Note 4 – Income Tax Status
The Plan has received a determination letter from the Internal Revenue Service (“IRS”) dated May 15, 2003, stating that the Plan is qualified under Internal Revenue Code (“IRC”) Section 401(a) and, therefore, the related trust is exempt from taxation. Subsequent to this determination by the IRS, the Plan was amended and restated. Once qualified, the Plan is required to operate in conformity with the IRC to maintain its qualification. The Plan Administrator believes the Plan is being operated in compliance with applicable requirements of the IRC and therefore believes the Plan, as amended and restated, is qualified and the related trust is tax-exempt.
In accordance with Sections 401 and 403(a) of the IRC, WesBanco filed a Cycle C submission to the IRS on January 31, 2009 requesting an updated determination letter for the Plan, which as of the date of this report, has not yet been received.

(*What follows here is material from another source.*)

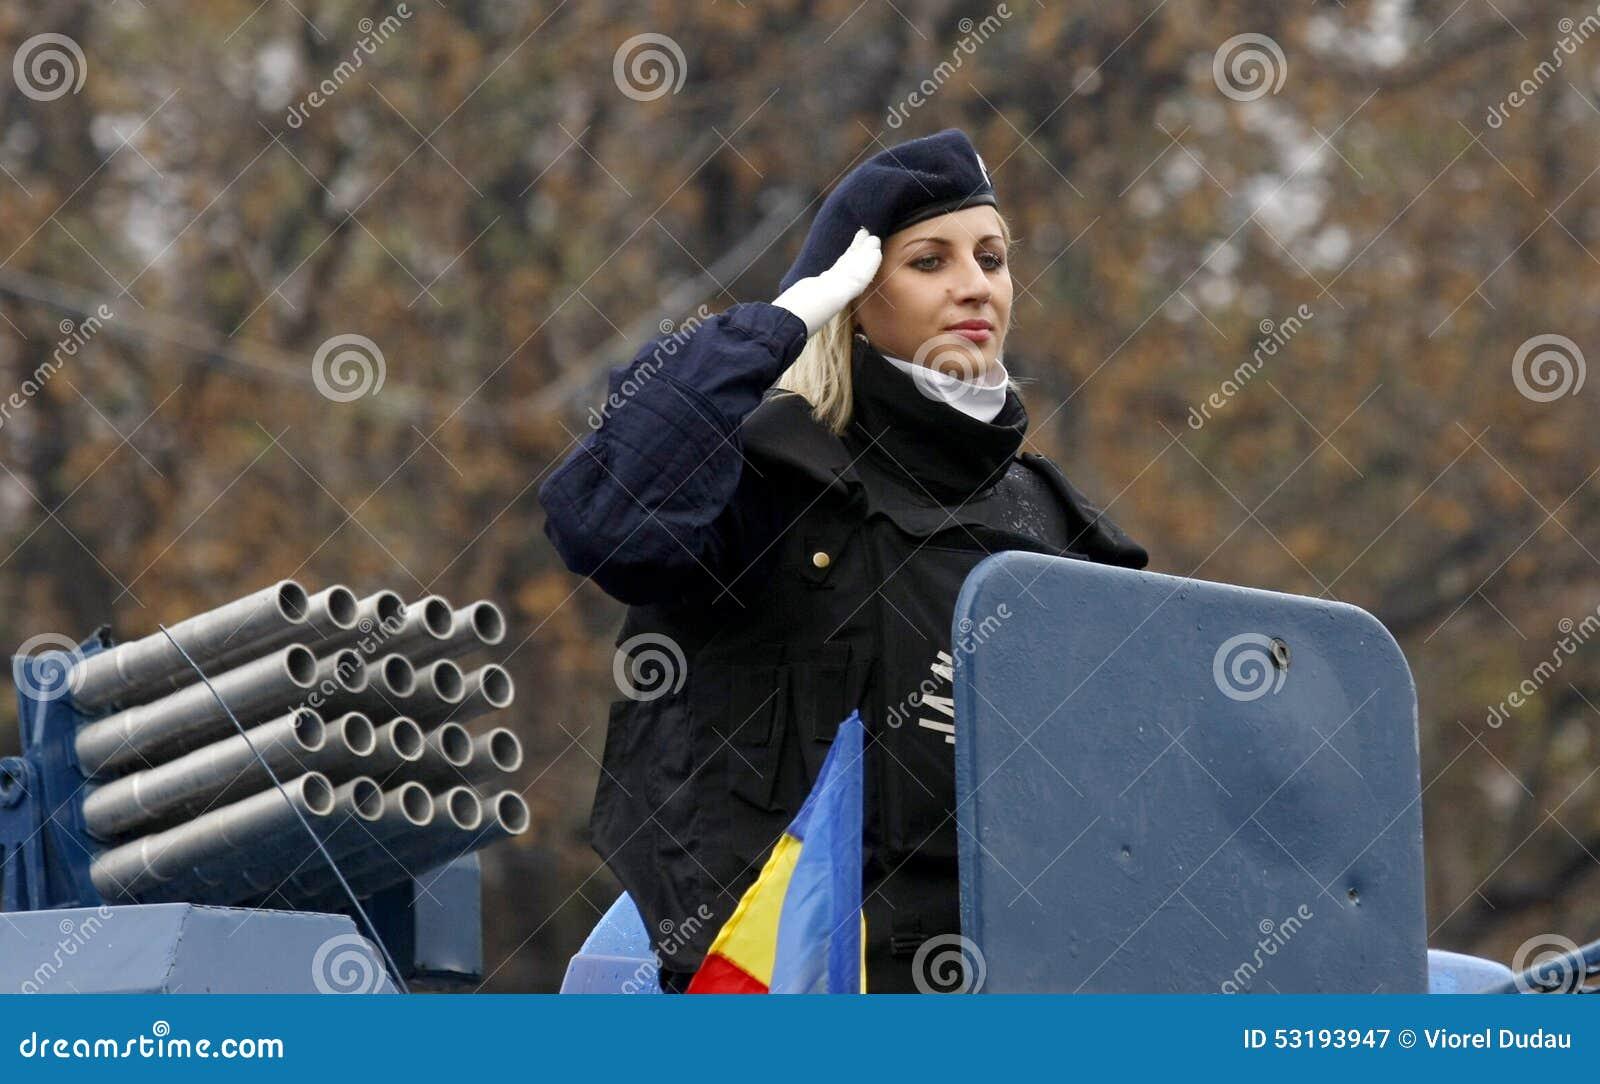 Wojsko zmusza militarnej kobiety

Accounting principles generally accepted in the United States require plan management to evaluate uncertain tax positions taken by the Plan. The financial statement effects of a tax position are recognized when the position is more likely than not, based on the technical merits, to be sustained upon examination by the IRS. The Plan Administrator has analyzed the tax positions taken by the Plan, and has concluded that as of December 31, 2011, there are no uncertain positions taken or expected to be taken. The Plan has recognized no interest or penalties related to uncertain tax positions. The Plan is subject to routine audits by taxing jurisdictions; however, there are currently no audits for any tax periods in progress. The Plan Administrator believes it is no longer subject to income tax examinations for years prior to 2008.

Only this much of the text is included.